Towards Efficient Deep Learning Systems with Learning-Based Optimizations

PhD Thesis Proposal Defence


Title: "Towards Efficient Deep Learning Systems with Learning-Based 
Optimizations"

by

Mr. Yiding WANG


Abstract:

Deep learning has demonstrated advanced performance in various computer 
vision and natural language processing tasks over the past decade. Deep 
learning models are now fundamental building blocks for applications 
including autonomous driving, cloud video analytics, sentiment analysis, 
and natural language inference. To achieve high accuracy for demanding 
tasks, deep neural networks grow rapidly in size and computation 
complexity and require high-fidelity and large volumes of data, making 
training and inference time-consuming and costly. These challenges become 
salient and motivate practitioners to focus on building machine learning 
systems. In recent years, the intersection of the traditional computer 
systems and machine learning topics has attracted considerable research 
attention, including applying machine learning techniques or learned 
policies in system designs (i.e., machine learning for system) and 
optimizing systems especially for machine learning pipelines and workloads 
(i.e., system for machine learning). Combining both, research on using 
machine learning techniques to optimize machine learning systems shows 
significant efficiency improvements for exploiting the inherent mechanism 
of learning tasks.

This dissertation proposal provides and discusses new directions to 
optimize the speed, accuracy, and system overhead of machine learning 
training and inference systems in different applications using 
learning-based techniques. We find that aligning system designs and 
machine learning workloads can let systems prioritize the data, neural 
network parameters, and computation that machine learning tasks really 
need to improve performance, e.g., achieving high-quality edge-cloud video 
analytics with low bandwidth consumption using optimized video data that 
preserves the necessary information, reducing models' training computation 
volume by focusing on under-trained parameters, and adaptively assigning 
less model capacity for simpler natural language queries with real-time 
semantic understanding. With three case studies ranging from training to 
inference and from computer vision to natural language processing, we 
show that using learning-based techniques to optimize the design of 
machine learning systems can precisely benefit the efficiency of machine 
learning applications.

First, we propose and analyze Runespoor, an edge-cloud video analytics 
system using super-resolution to manage the accuracy loss with compressed 
data over the network. Emerging deep learning-based video analytics tasks, 
e.g., object detection and semantic segmentation, demand 
computation-intensive neural networks and powerful computing resources on 
the cloud to achieve high inference accuracy. Due to the latency 
requirement and limited network bandwidth, edge-cloud systems adaptively 
compress the data to strike a balance between overall analytics accuracy 
and bandwidth consumption. However, the degraded data leads to another 
issue of poor tail accuracy, which means the extremely low accuracy of a 
few semantic classes and video frames. Modern applications like 
autonomous robotics especially value the tail accuracy performance, but 
suffer using the prior edge-cloud systems. Our analytics-aware 
super-resolution extends super-resolution, which is an effective technique 
that learns a mapping from low-resolution frames to 
high-resolution frames. Runespoor can reconstruct high-resolution frames 
tailored for the tail accuracy performance of video analytics tasks 
with augmented details from compressed low-resolution data on the server. 
Our evaluation shows that Runespoor improves class-wise tail accuracy by 
up to 300%, frame-wise 90%/99% tail accuracy by up to 22%/54%, and greatly 
improves the overall accuracy and bandwidth trade-off.

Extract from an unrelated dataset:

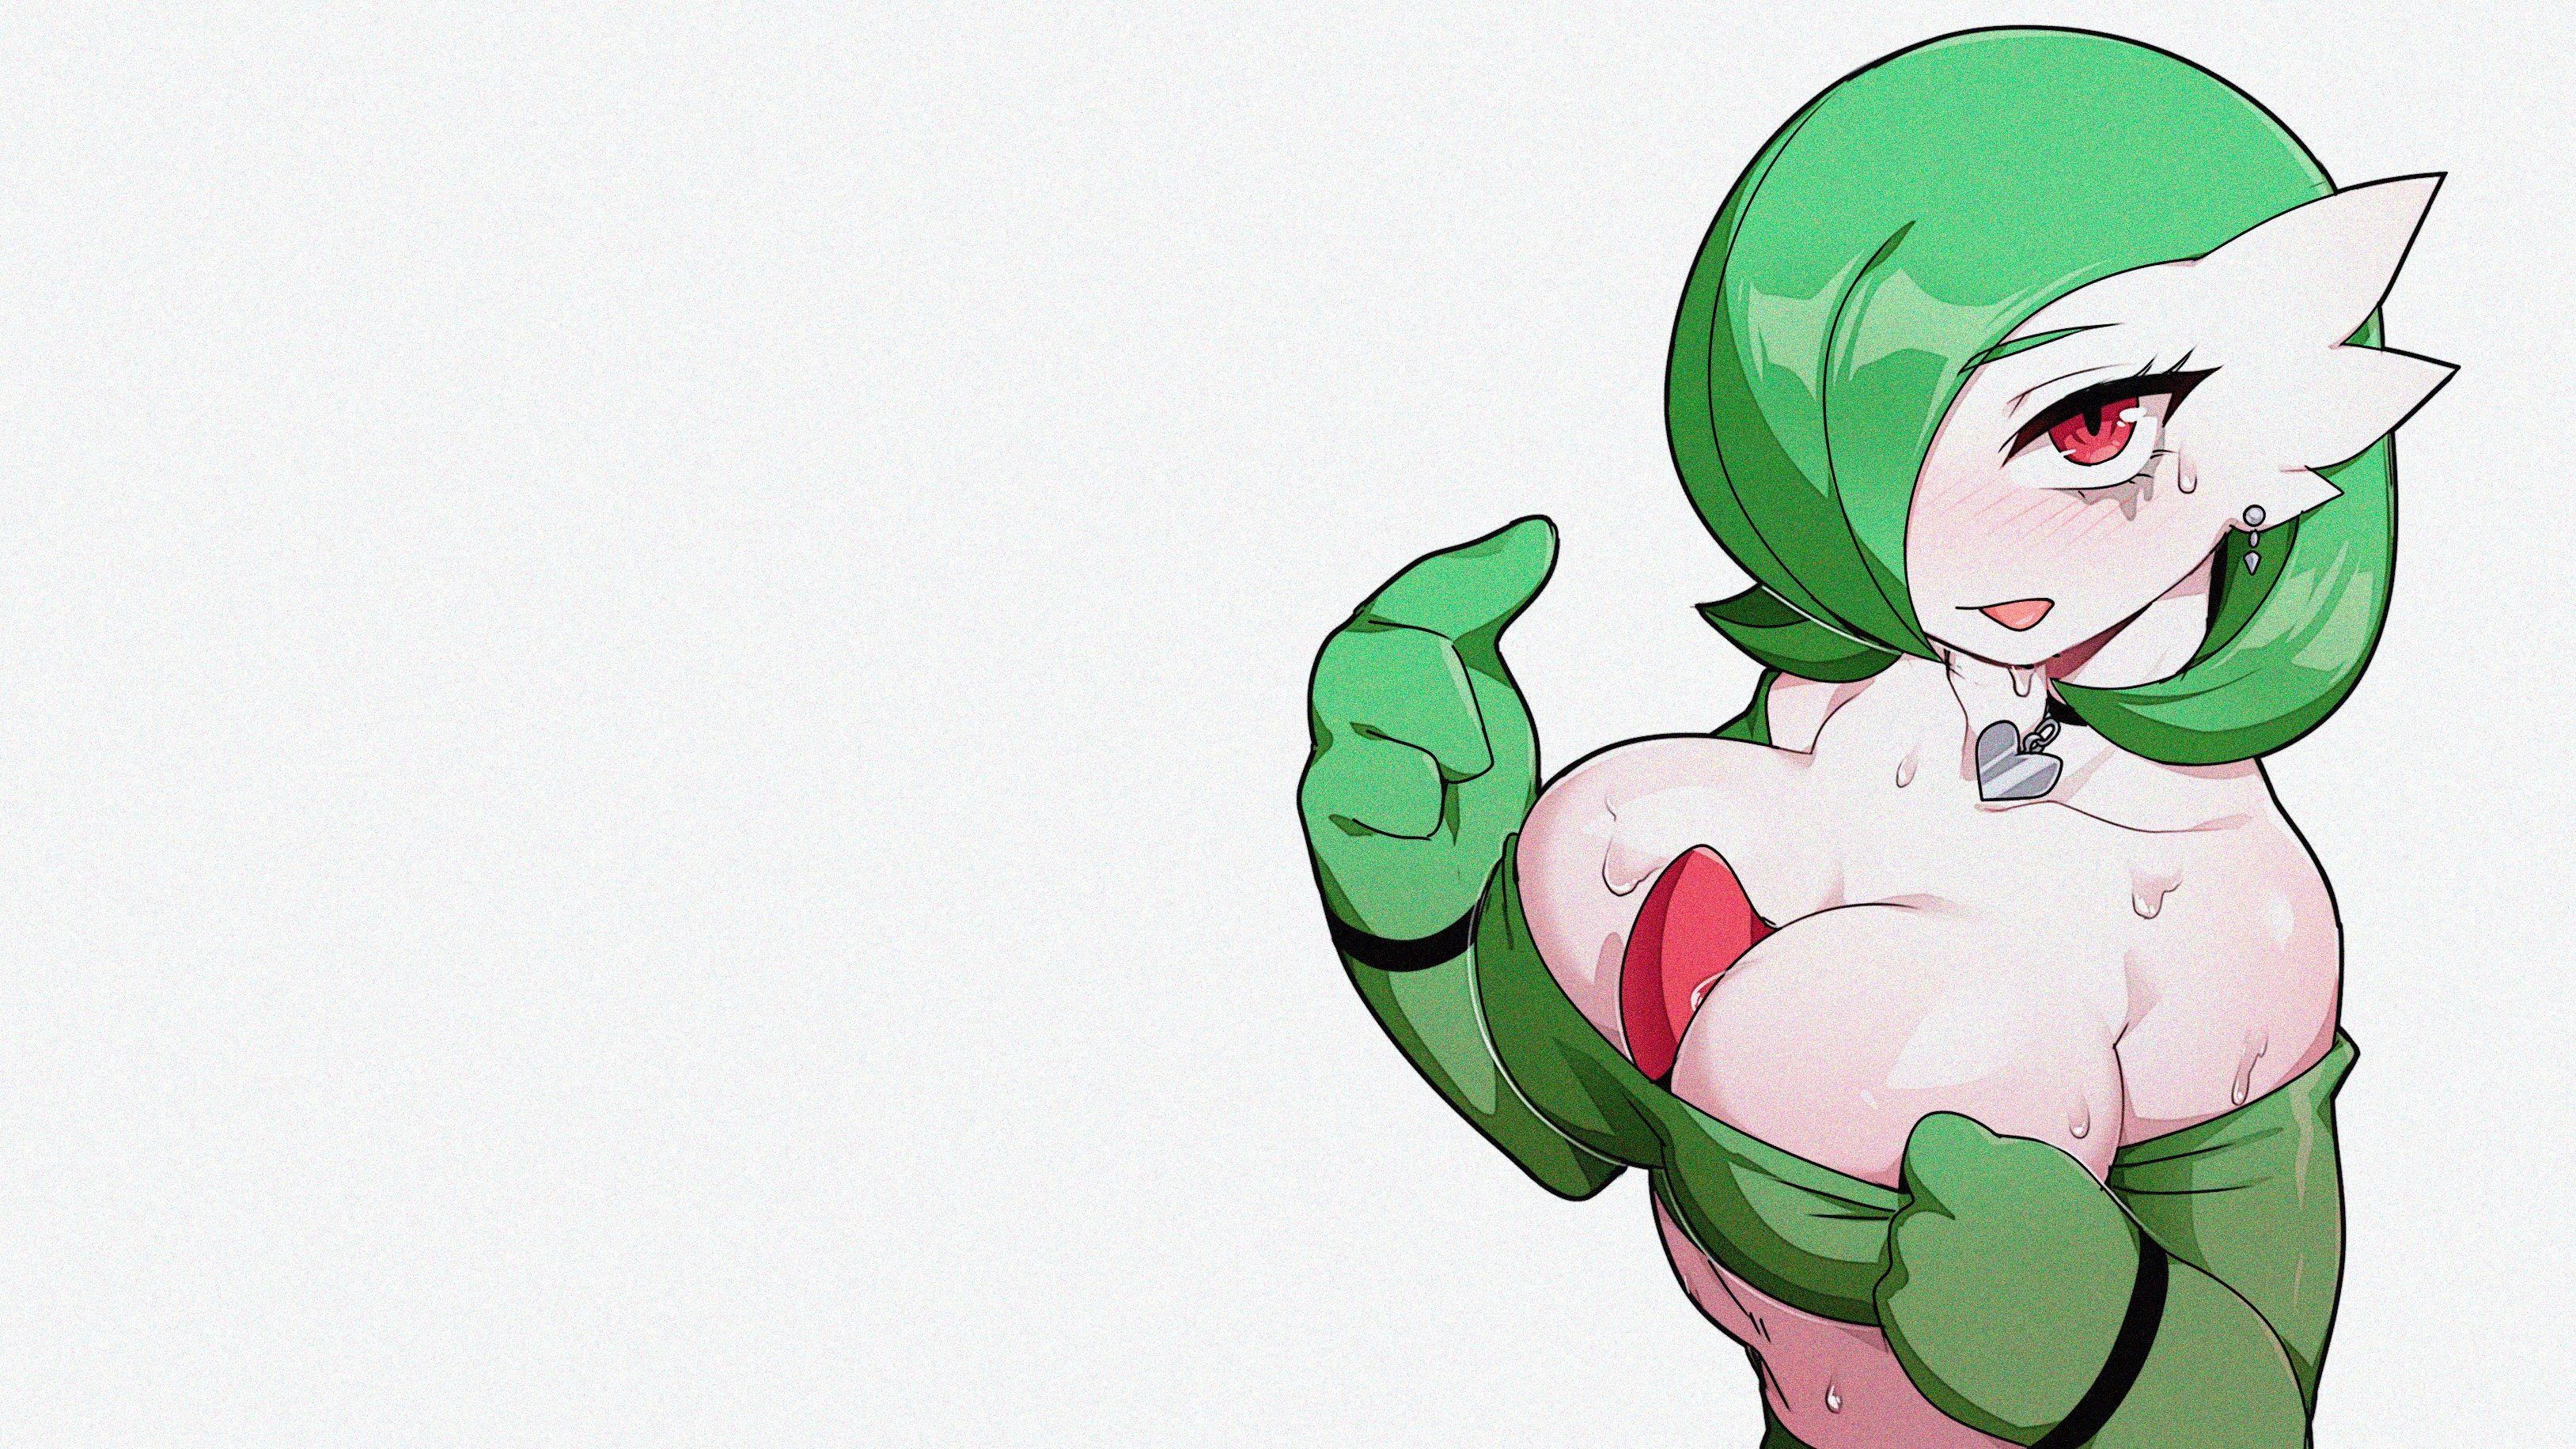 Anime 3256x1832 anime anime girls Pokémon Gardevoir green hair red eyes makeup crying smudged makeup boobs big boobs tongue out choker earring simple background white background Mini hair over one eye blushing minimalism

Next, we explore Egeria, a knowledge-guided deep learning training system 
that employs semantic knowledge from a reference model and knowledge 
distillation techniques to accelerate model training by accurately 
evaluating individual layers' training progress, safely freezing the 
converged ones, and saving their corresponding backward computation and 
communication. Training deep neural networks is time-consuming. While most 
existing efficient training solutions try to overlap/schedule computation 
and communication, Egeria goes one step further by skipping them through 
layer freezing. The key insight is that the training progress of internal 
neural network layers differs significantly, and front layers often become 
well-trained much earlier than deep layers. To explore this, we introduce 
the notion of training plasticity to quantify the training progress of 
layers. Informed by the latest knowledge distillation research, we use a 
reference model that is generated on the fly with quantization techniques 
and runs forward operations asynchronously on available CPUs to minimize 
the overhead. Our experiments with popular vision and language models show 
that Egeria achieves 19%-43% training speedup w.r.t. the state-of-the-art 
without sacrificing accuracy.

Finally, we present Tabi, an inference system with a multi-level inference 
engine optimized for large language models and diverse workloads by 
exploring the prediction confidence of neural networks and the 
Transformer's attention mechanism. Today's trend of building ever larger 
language models, while pushing the performance of natural language 
processing, adds significant latency to the inference stage. We observe 
that due to the diminishing returns of adding model parameters, a smaller 
model could make the same prediction as a costly large language model for 
a majority of queries. Based on this observation, we design Tabi that can 
serve queries using both small models and optional large ones, unlike the 
traditional one-model-for-all pattern. Tabi uses the calibrated confidence 
score to decide whether to return the accurate results of small models 
extremely fast or re-route them to large models. For re-routed queries, it 
uses attention-based word pruning and weighted ensemble techniques to 
offset the system overhead and accuracy loss. Tabi achieves 21%-40% 
average latency reduction (with comparable tail latency) over the 
state-of-the-art while meeting top-grade high accuracy targets.


Date:			Wednesday, 17 August 2022

Time:                  	2:00pm - 4:00pm

Zoom Meeting: 
https://hkust.zoom.us/j/94067933425?pwd=VTBPcm0zVDRFZ0lOVG9iR2dreHR5Zz09

Committee Members:	Prof. Kai Chen (Supervisor)
 			Dr. Yangqiu Song (Chairperson)
 			Prof. Bo Li
 			Dr. Wei Wang


**** ALL are Welcome ****